Random Sequential Adsorption of 3D Rods

A computational study of how rods pack under sequential, irreversible placement — and what that reveals about entanglement transitions.

GitHub: rod-placement

Background

Random Sequential Adsorption (RSA) is a classical model for irreversible deposition: objects are placed one at a time, uniformly at random, and accepted only if they do not overlap with previously placed objects. For spheres in 2D and 3D, RSA is well-studied. For elongated rods in 3D with periodic boundary conditions, the problem is richer — aspect ratio, orientation distribution, and density all interact to determine whether the packing becomes entangled.

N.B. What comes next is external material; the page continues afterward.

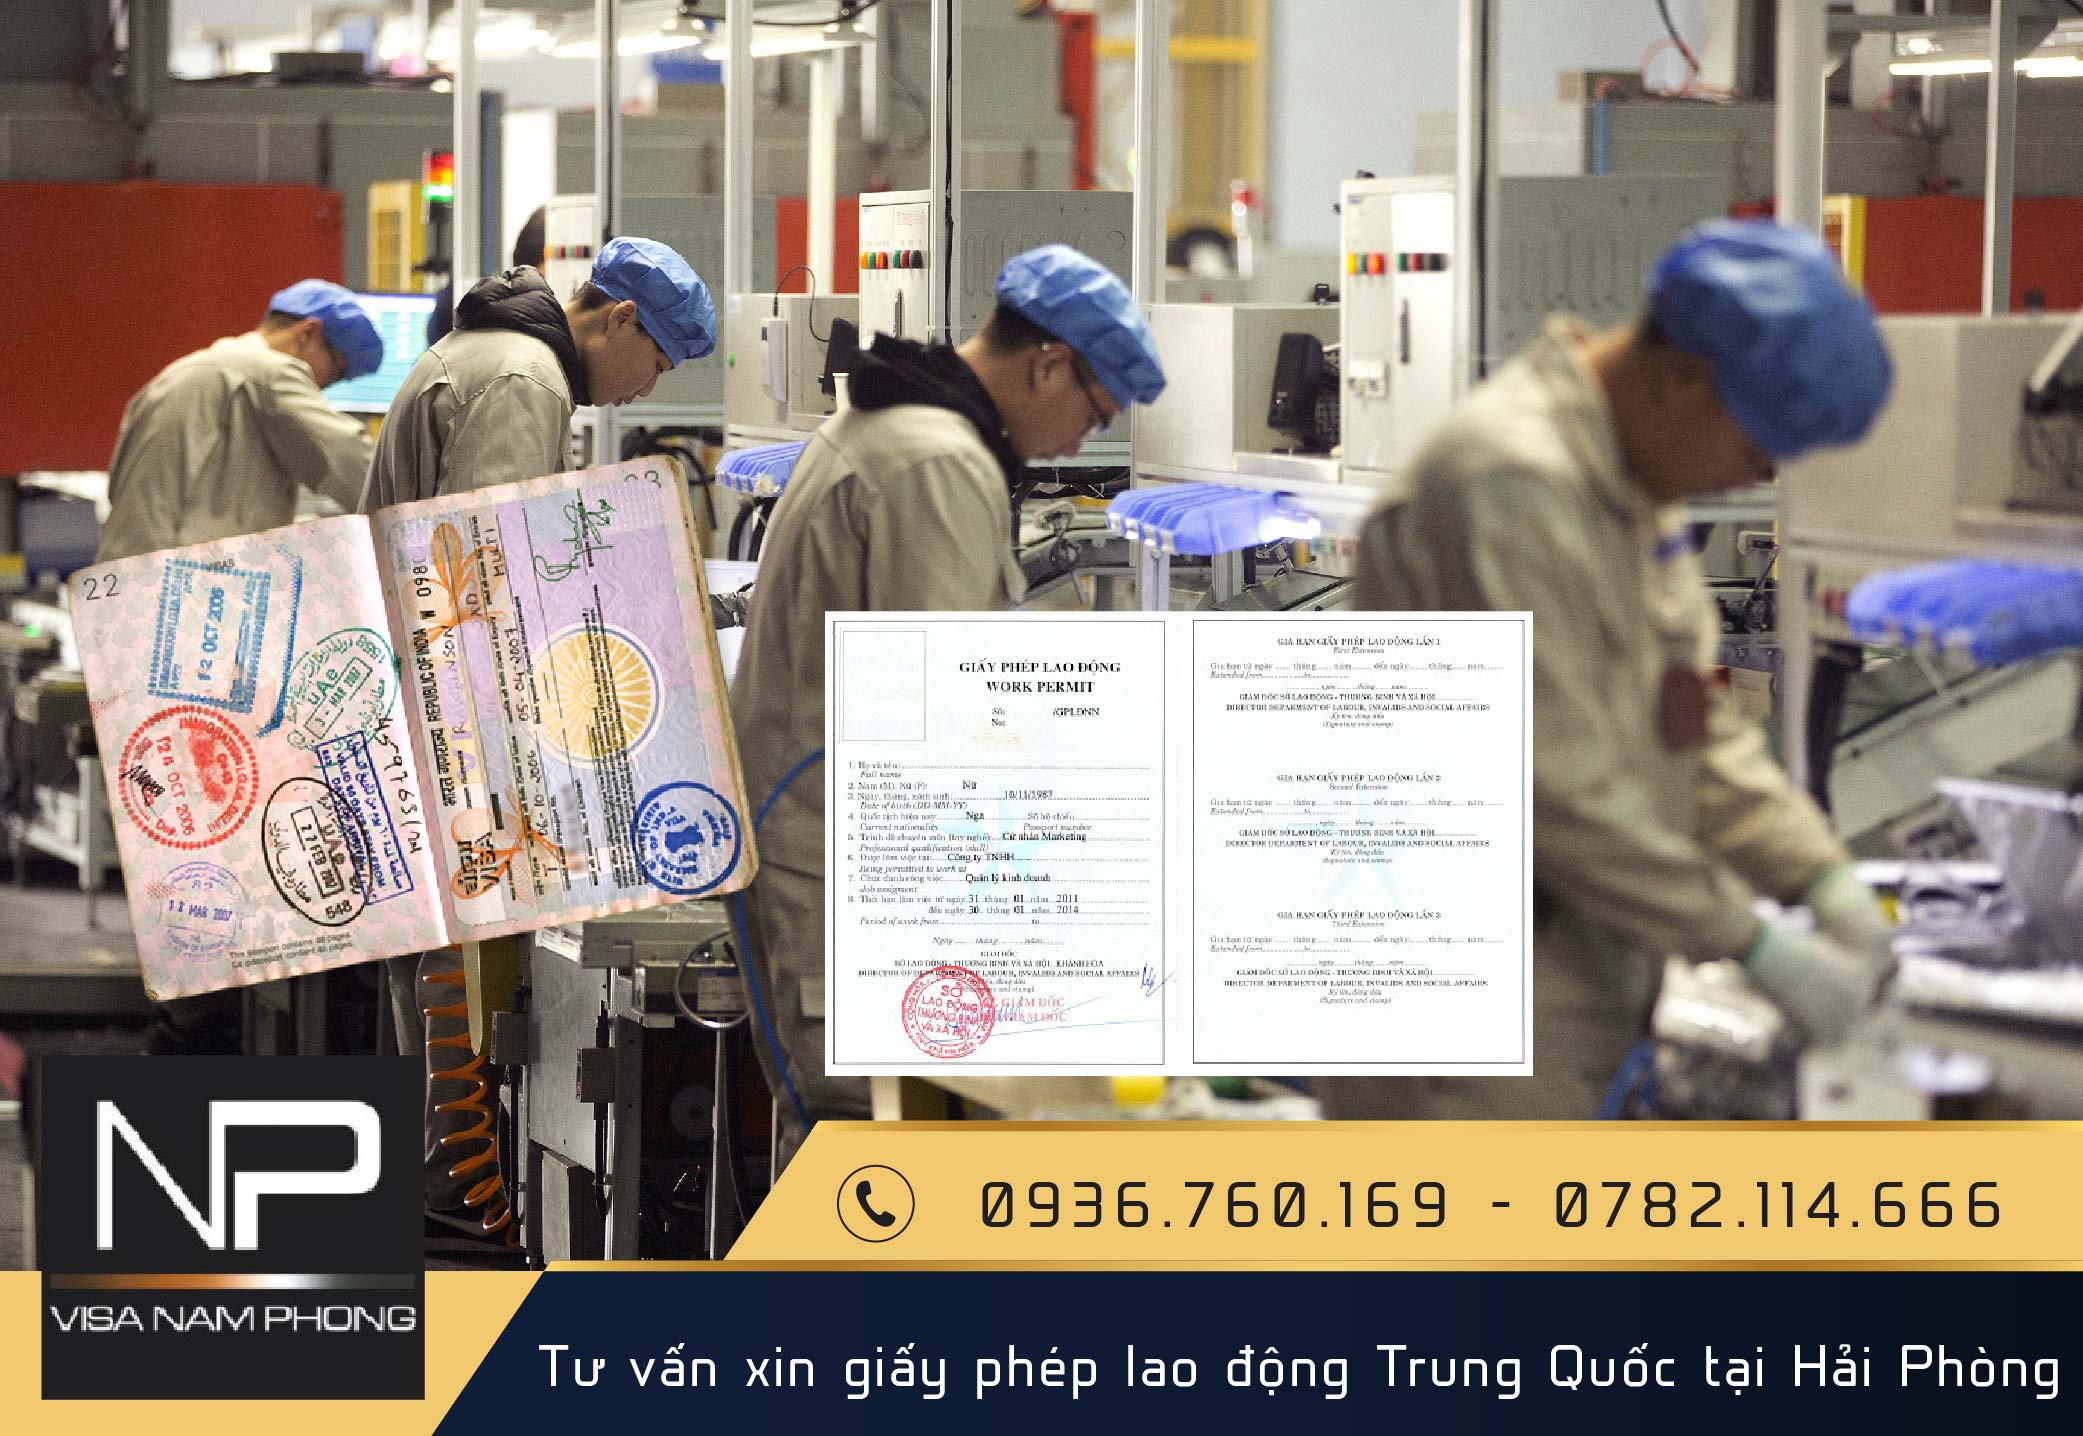 Tư vấn xin giấy phép lao động Trung Quốc tại Hải Phòng
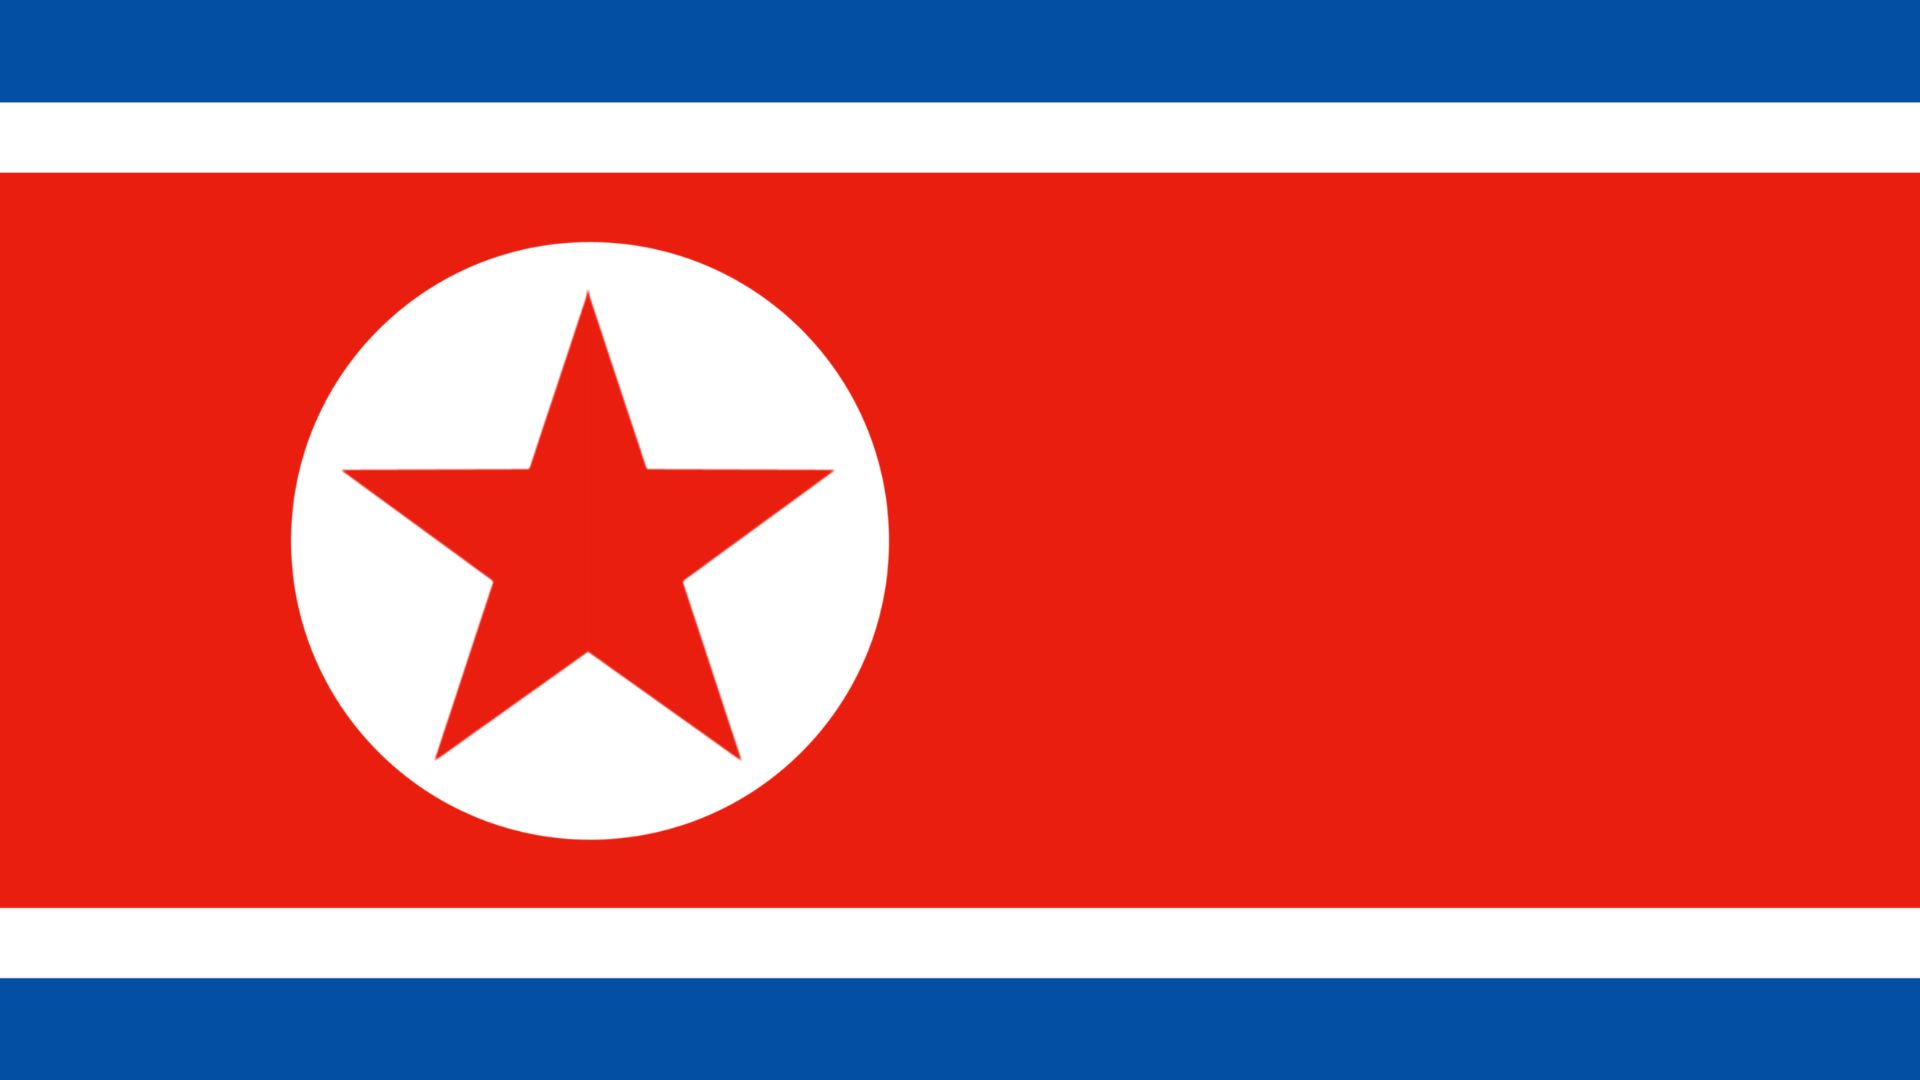 A bandeira da Coreia do Norte consiste de um painel central vermelho que contrasta, no topo e em baixo, com uma fina faixa branca e uma faixa azul mais ampla. O painel vermelho central da bandeira inclui no lado mais próximo da haste uma estrela vermelha de cinco pontas inserida num círculo branco.

This project implements an RSA simulation for 3D rods inside a periodic box, with the goal of measuring how packing statistics depend on rod geometry and density.

Simulation setup

Rods are modeled as line segments (spherocylinders) with a given aspect ratio \(\ell / d\). A rod is placed by:

Sampling a random center position uniformly in the periodic box
Sampling a random orientation from the unit sphere
Checking overlap with all previously placed rods
Accepting if no overlap; rejecting and retrying otherwise

The simulation tracks the number of attempts per successful placement, which diverges as the packing approaches jamming. The distribution of attempt counts is a sensitive probe of the local geometry and correlations.

Key metrics

Attempts per rod: How many random trials are needed to place each successive rod? This grows rapidly near the jamming density.
Attempts distribution: The full histogram of attempts reveals the heterogeneity of available space.
Normalized cumulative analysis: Comparing multiple runs with different random seeds or parameters.
Entanglement onset: At what density does the packing first exhibit macroscopic entanglement?

Workflow

The project is designed for high-throughput parametric studies on HPC clusters:

submit_from_parameter_sets.py — Generates and submits SLURM jobs across a parameter grid (aspect ratio \(\times\) target density)
post_analyze_attempts.py — Analyzes a single completed run
combined_analysis.py — Aggregates statistics across an ensemble of runs
process_collection.py — Main tool for batch processing result collections

Large simulation outputs (runs/) are kept separate from lightweight analysis results (analysis/) to facilitate sharing and archiving.

Findings in context

The RSA simulations feed into a larger picture of the entanglement transition. By varying aspect ratio and density, we map out the boundary between jammed-but-unentangled and jammed-and-entangled phases. The onset of entanglement in RSA packings correlates with the caging number crossing a threshold — a result consistent with equilibrium simulations and experiments on physical rod packings.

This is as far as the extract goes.